The new day was cool, filled with the sound of birds. The sun rose quickly, and in a single leap was above the horizon. The earth was covered with gold, with warmth. In the morning, sky and sea were spattered with dancing patches of blue and yellow light. A light breeze had risen, and through the window a breath of salt air cooled Mersault's hands. At noon the wind dropped, the day split open like ripe frui
t and trickled down the face of the world, a warm and choking juice in a sudden concert of cicadas. The sea was covered with this golden juice, a sheet of oil upon the water, and gave back to the sun-crushed earth a warm, softening breath which
released odors of wormwood, rosemary, and hot stone. From his bed, Mersault received that impact, that offering, and he opened his eyes on the huge, curved, glistening sea irradiated with the smiles of his gods. Suddenly he realized he was sitting on his bed, and that Lucienne's face was very close to his. Slowly, as though it came from his stomach, there rose inside him a stone which approached his throat. He breathed faster and faster, higher and higher. He looked at Lucienne. He smiled without wincing, and this smile too came from inside himself. He threw himself back on the bed, and felt the slow ascent within him. He looked at Lucienne's swollen lips and, behind her, the smile of the earth. He looked at them with the same eyes, the same desire.
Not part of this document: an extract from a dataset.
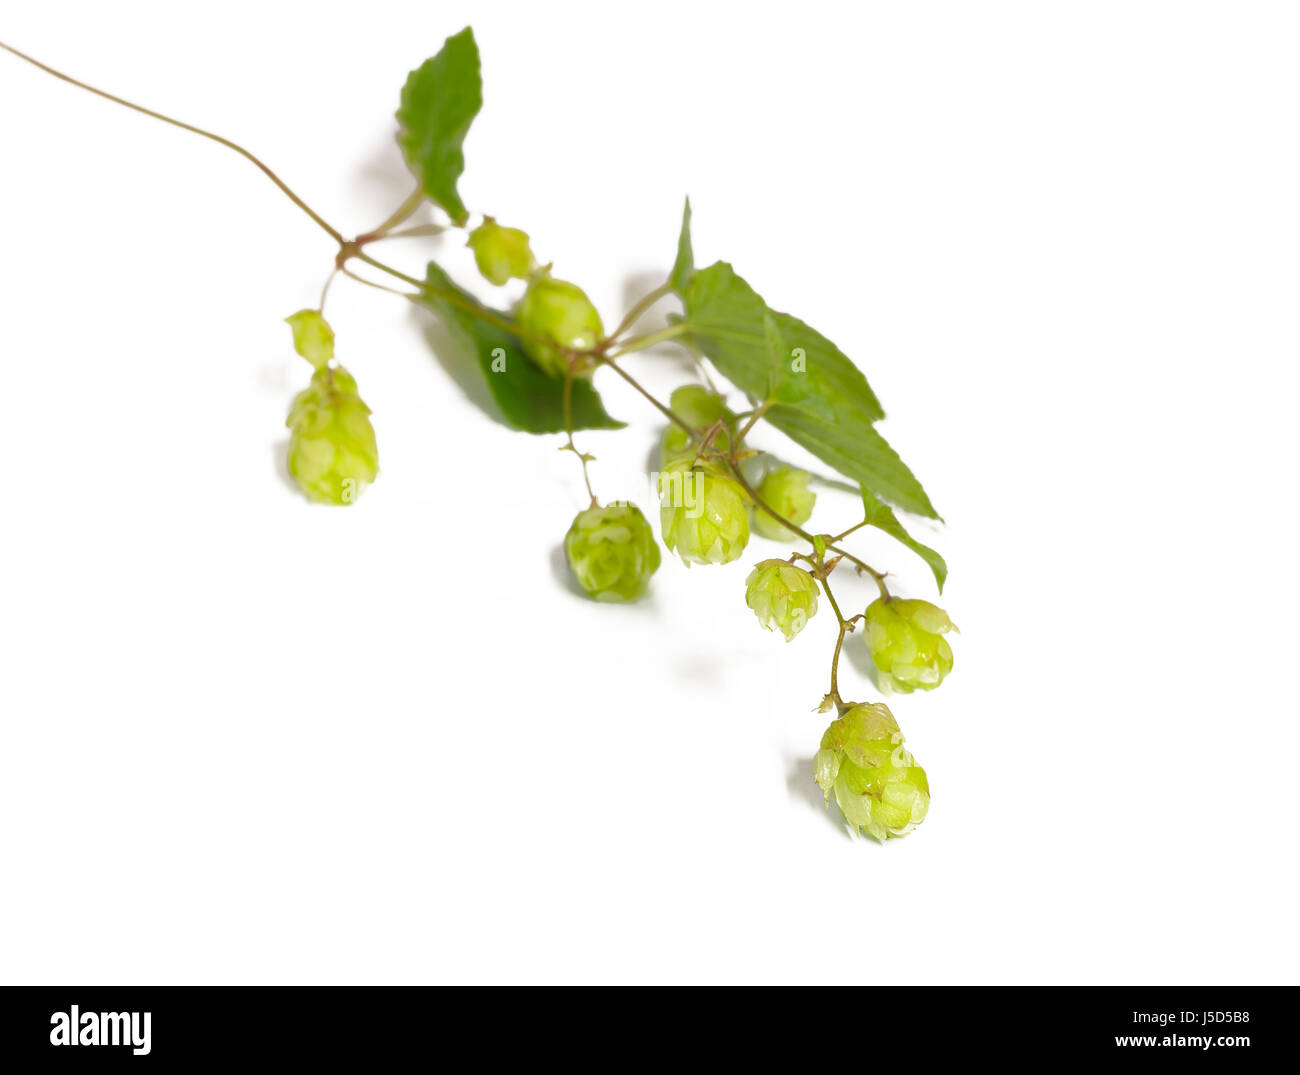 Pianta selvatica verde lascia vuoto europeo fiori caucasica sperma birra hop di spurgo Foto Stock

"In a minute, in a second," he thought. The ascent stopped. And stone among the stones, he returned in the joy of his heart to the truth of the motionless worlds.
Afterword
A Happy Death draws on memories of Belcourt, the workingmen's district where Camus spent his childhood, as well as of his job at the maritime commission, his travels in central Europe in the summer of 1936, in Italy in 1936 and 1937, his sanatorium experiences, and his life in the Fichu house, or the "House above the World," where he lived in November 1936. One reads also episodes in his love life—his two years of marriage with Simone Hie and the break with her, after a stormy scene in Salzburg. Another female figure, difficult to identify, plays an important role in the book. Several more specific questions remain that biographical research may someday answer: Who was Lucienne? Roland Zagreus? Doctor Bernard? etc. For the time being, it seems more useful to sketch a literary genesis than to establish a point-by-point correspondence between a novel and a life.